▶ Assignment:
Return each line below exactly as it reads, and omit any image in it.

▶ Information provided:
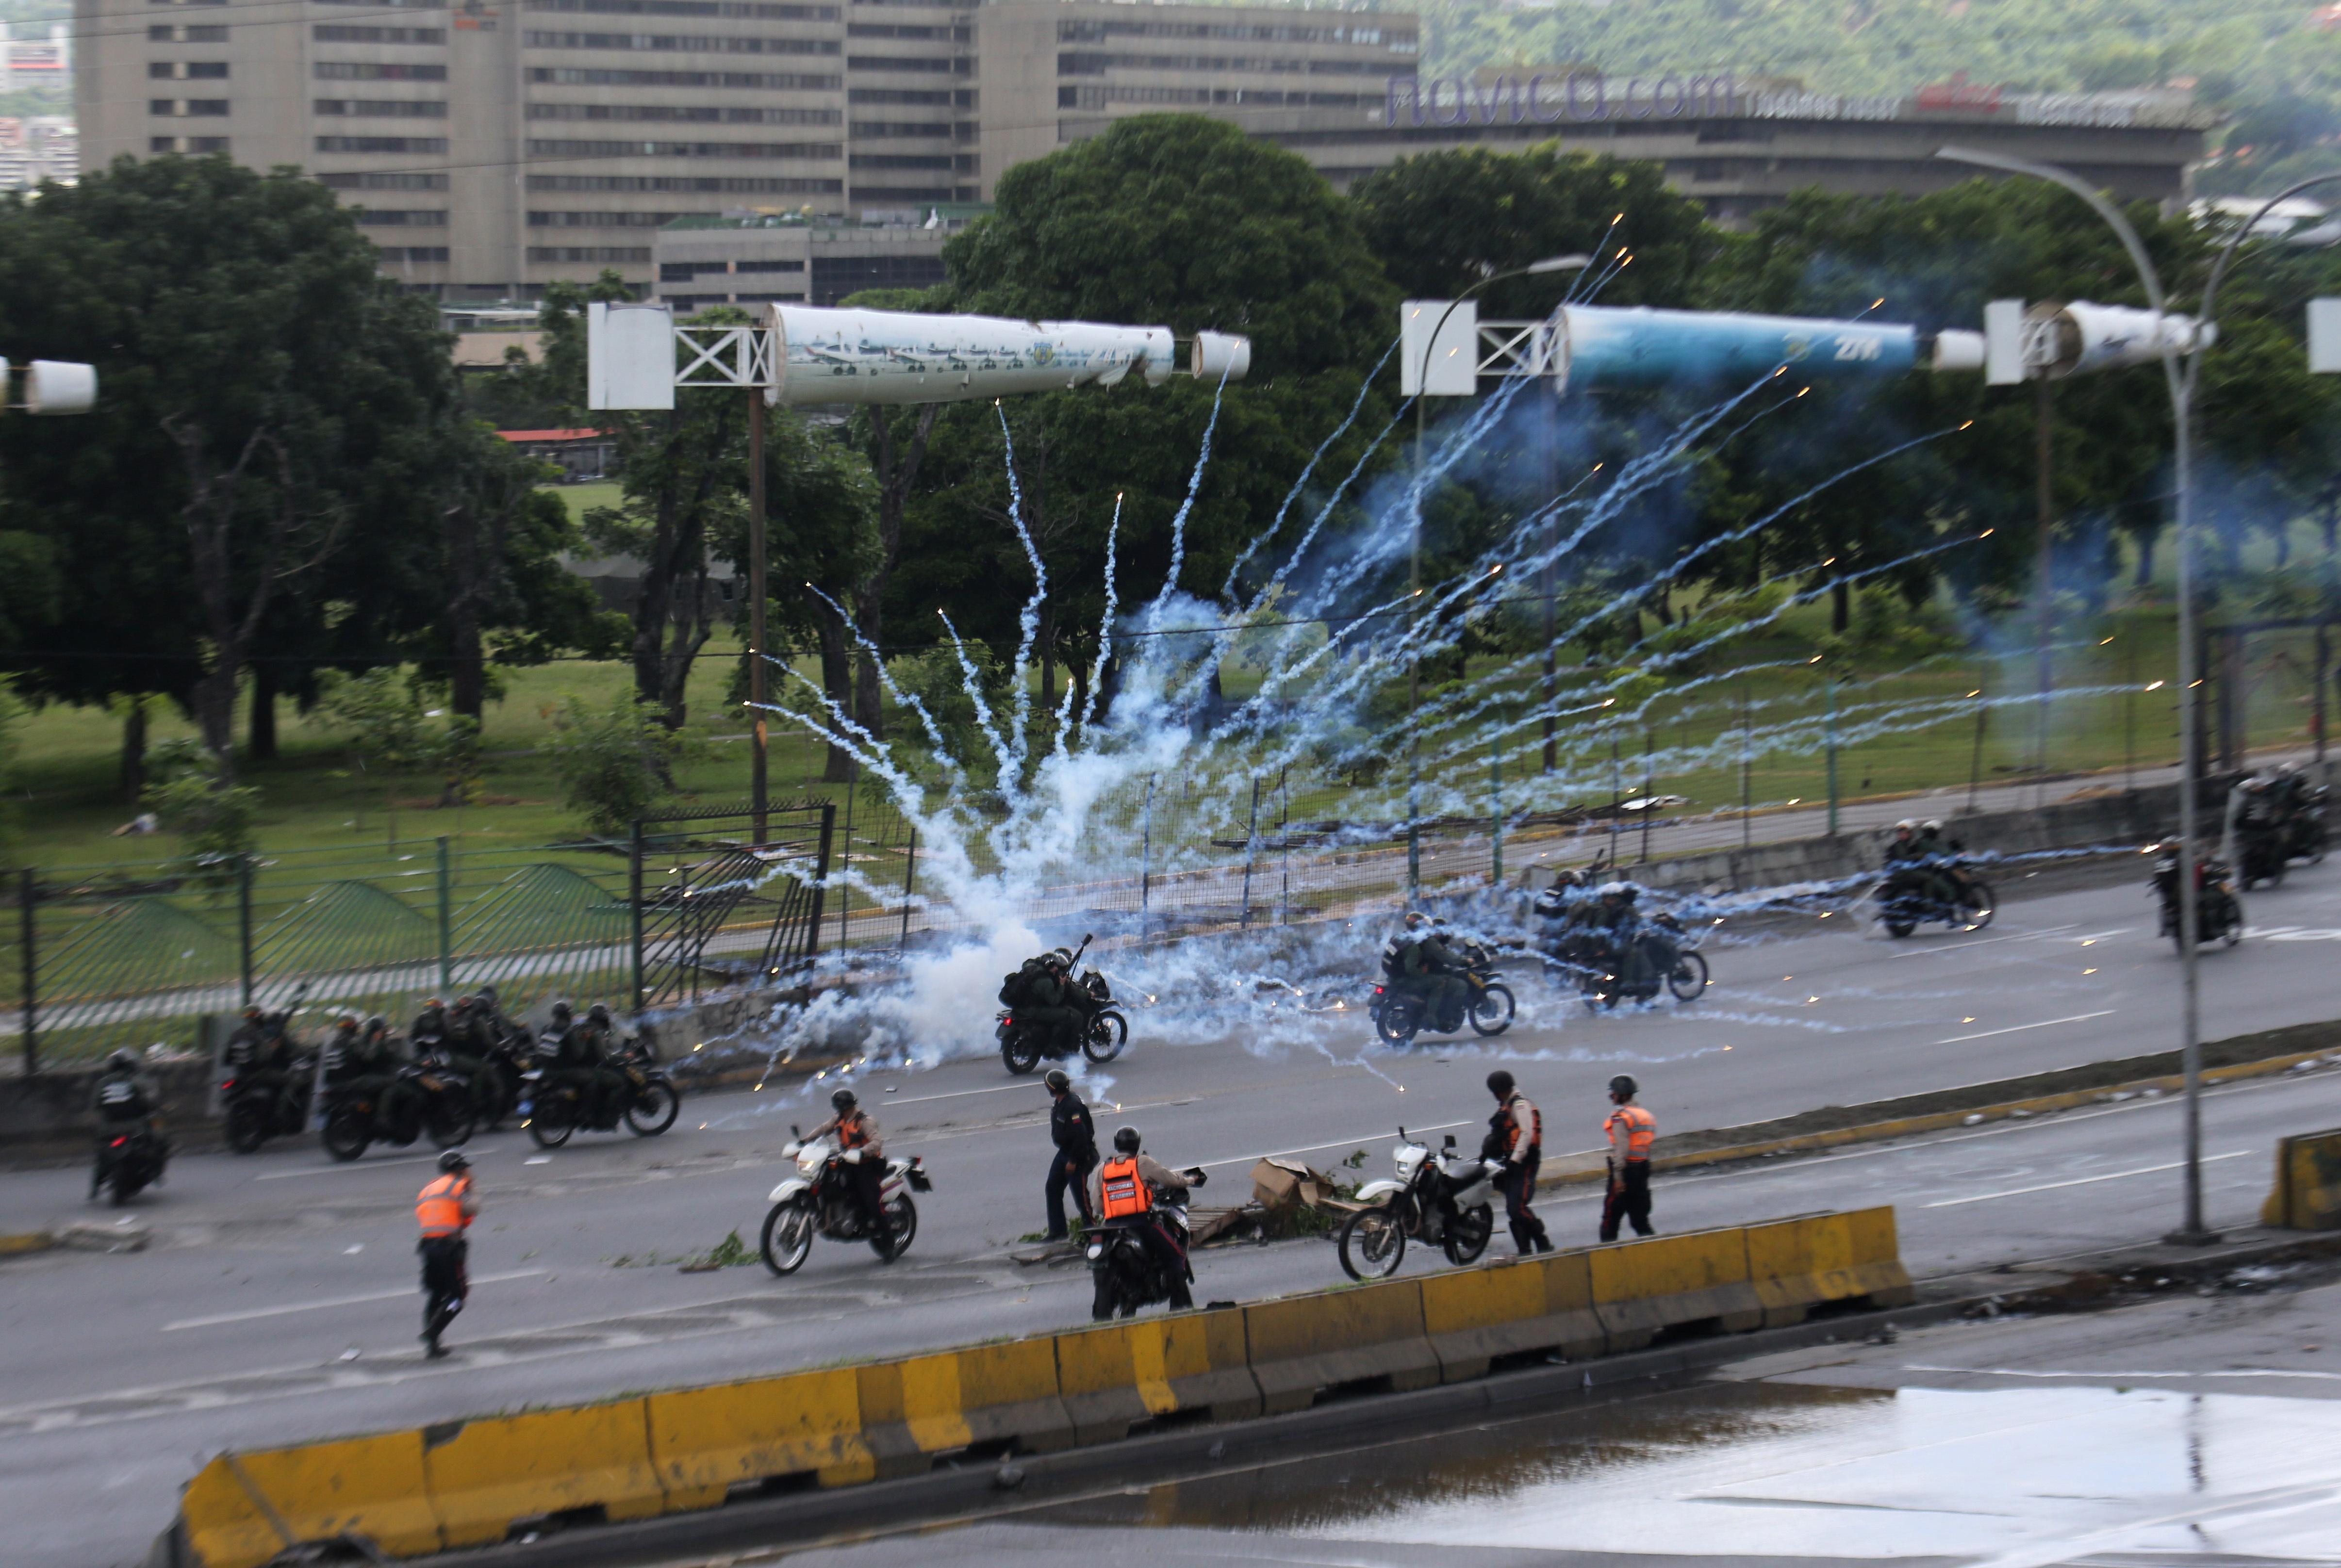 Un grupo de manifestantes suele responder a la represión lanzando fuegos artificiales a los oficiales
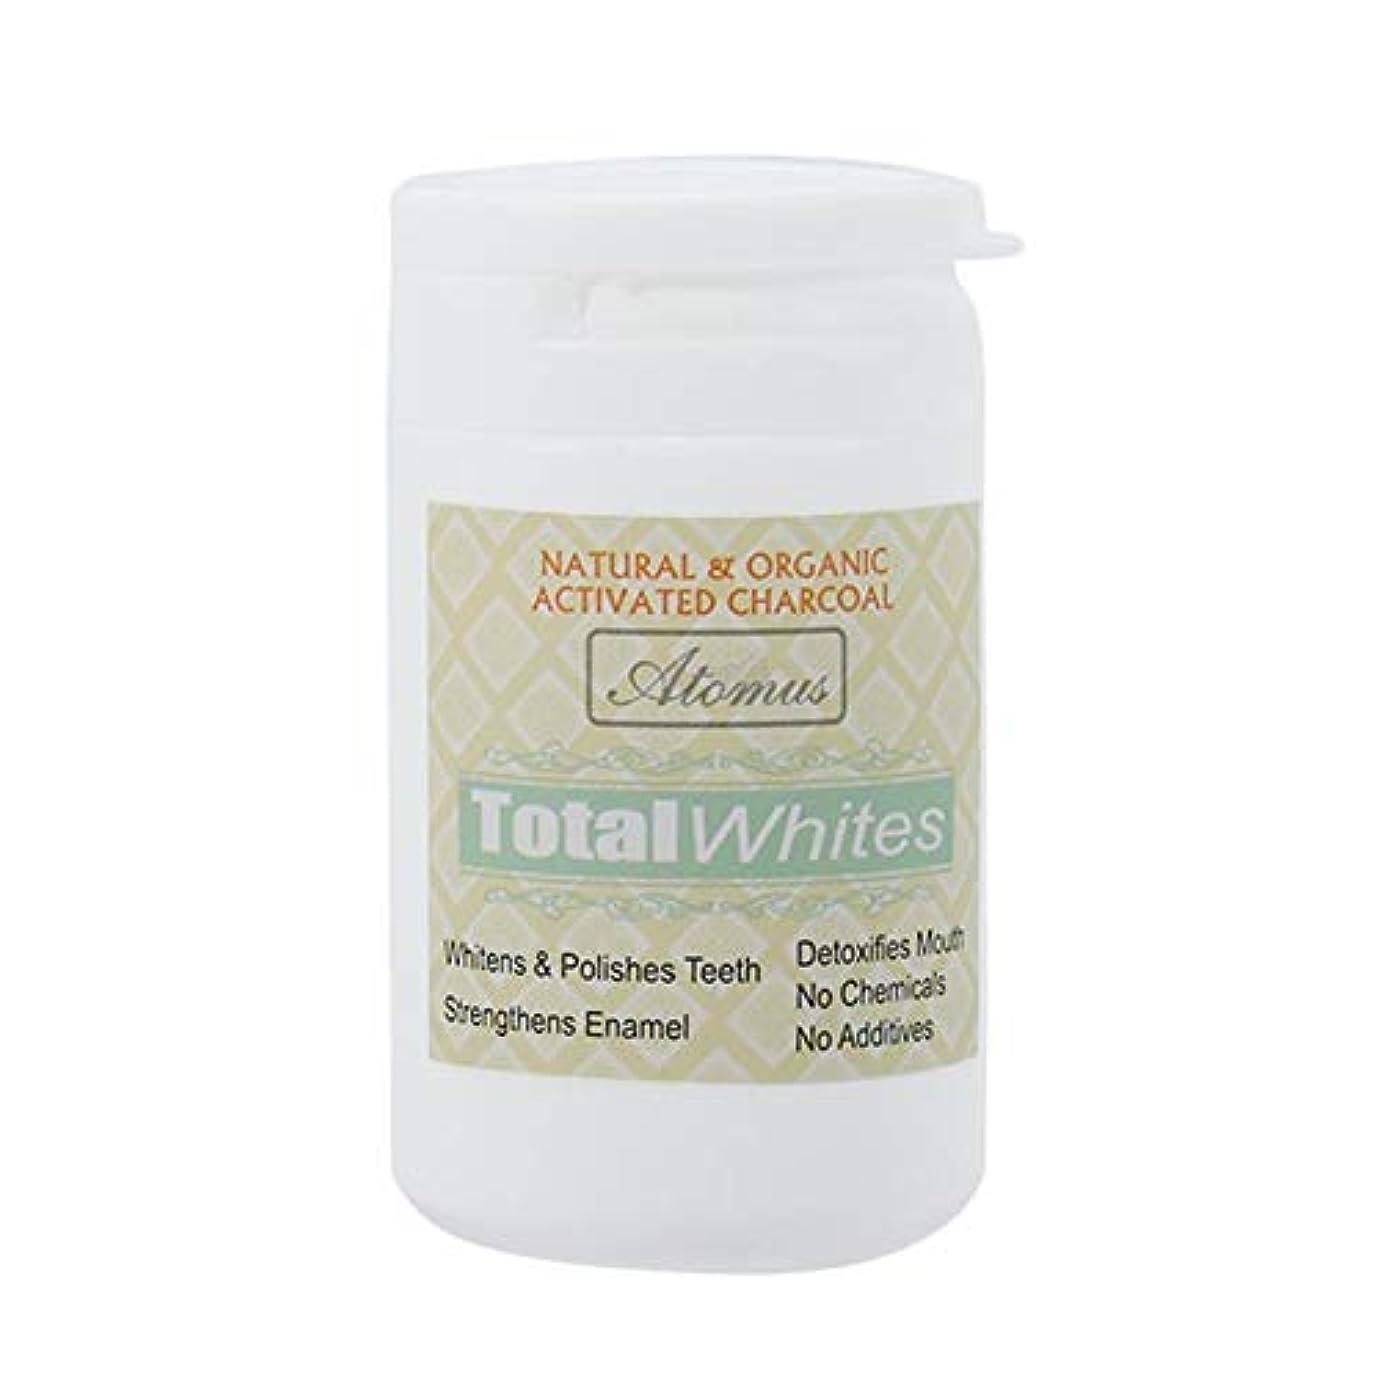 銛驚かす割れ目歯のホワイトニングパウダー、活性炭の歯のホワイトナーパウダー - 有機安全で効果的なホワイトナーの解決策 - ホワイトニングの歯とフレッシュな息
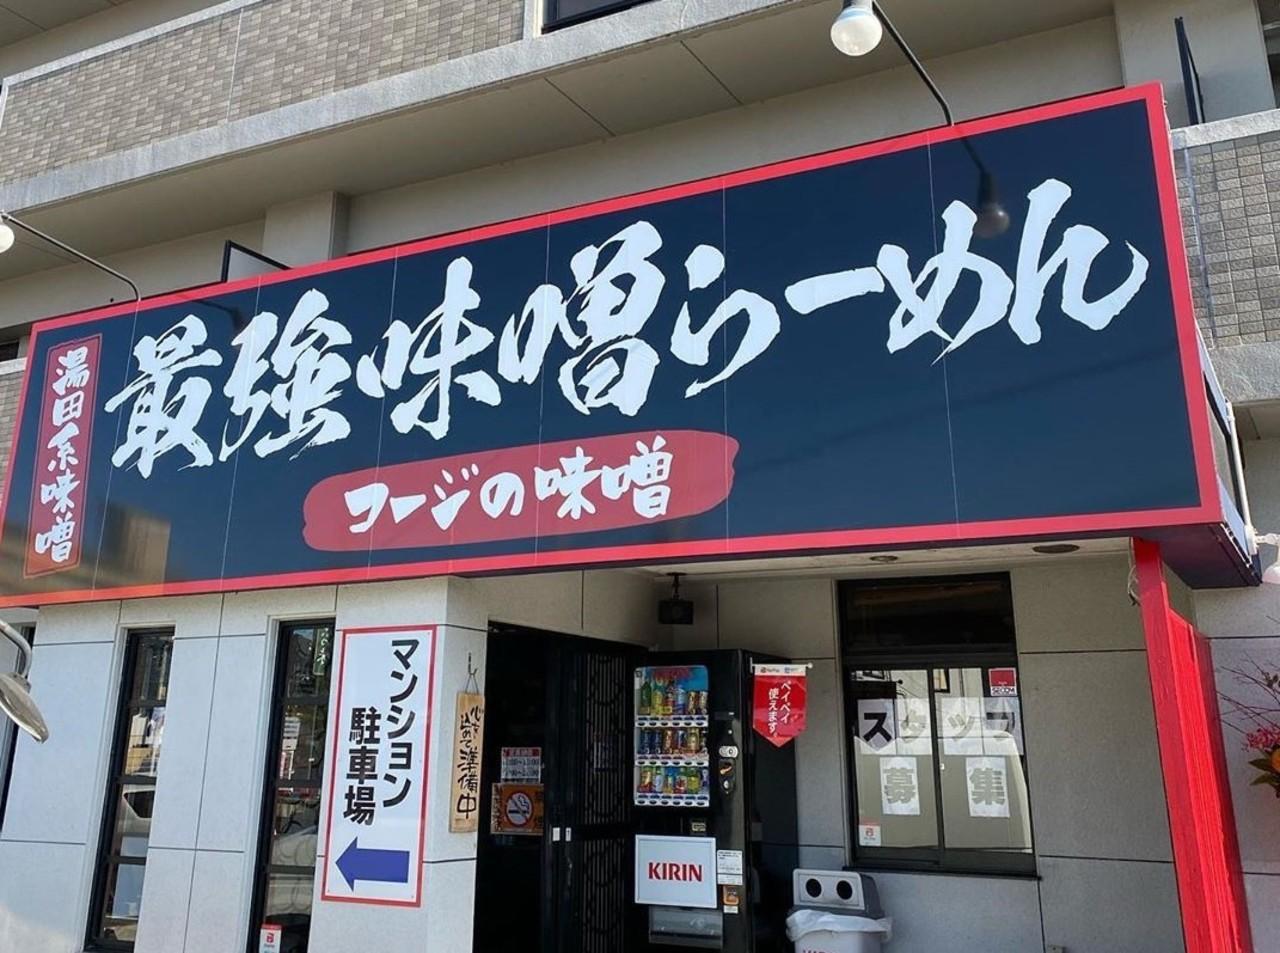 山口県山口市吉敷下東1丁目に「コージの味噌山口湯田店」が昨日グランドオープンされたようです。

▶ Result below:
 Un grupo de manifestantes suele responder a la represión lanzando fuegos artificiales a los oficiales
 銛驚かす割れ目歯のホワイトニングパウダー、活性炭の歯のホワイトナーパウダー - 有機安全で効果的なホワイトナーの解決策 - ホワイトニングの歯とフレッシュな息
 山口県山口市吉敷下東1丁目に「コージの味噌山口湯田店」が昨日グランドオープンされたようです。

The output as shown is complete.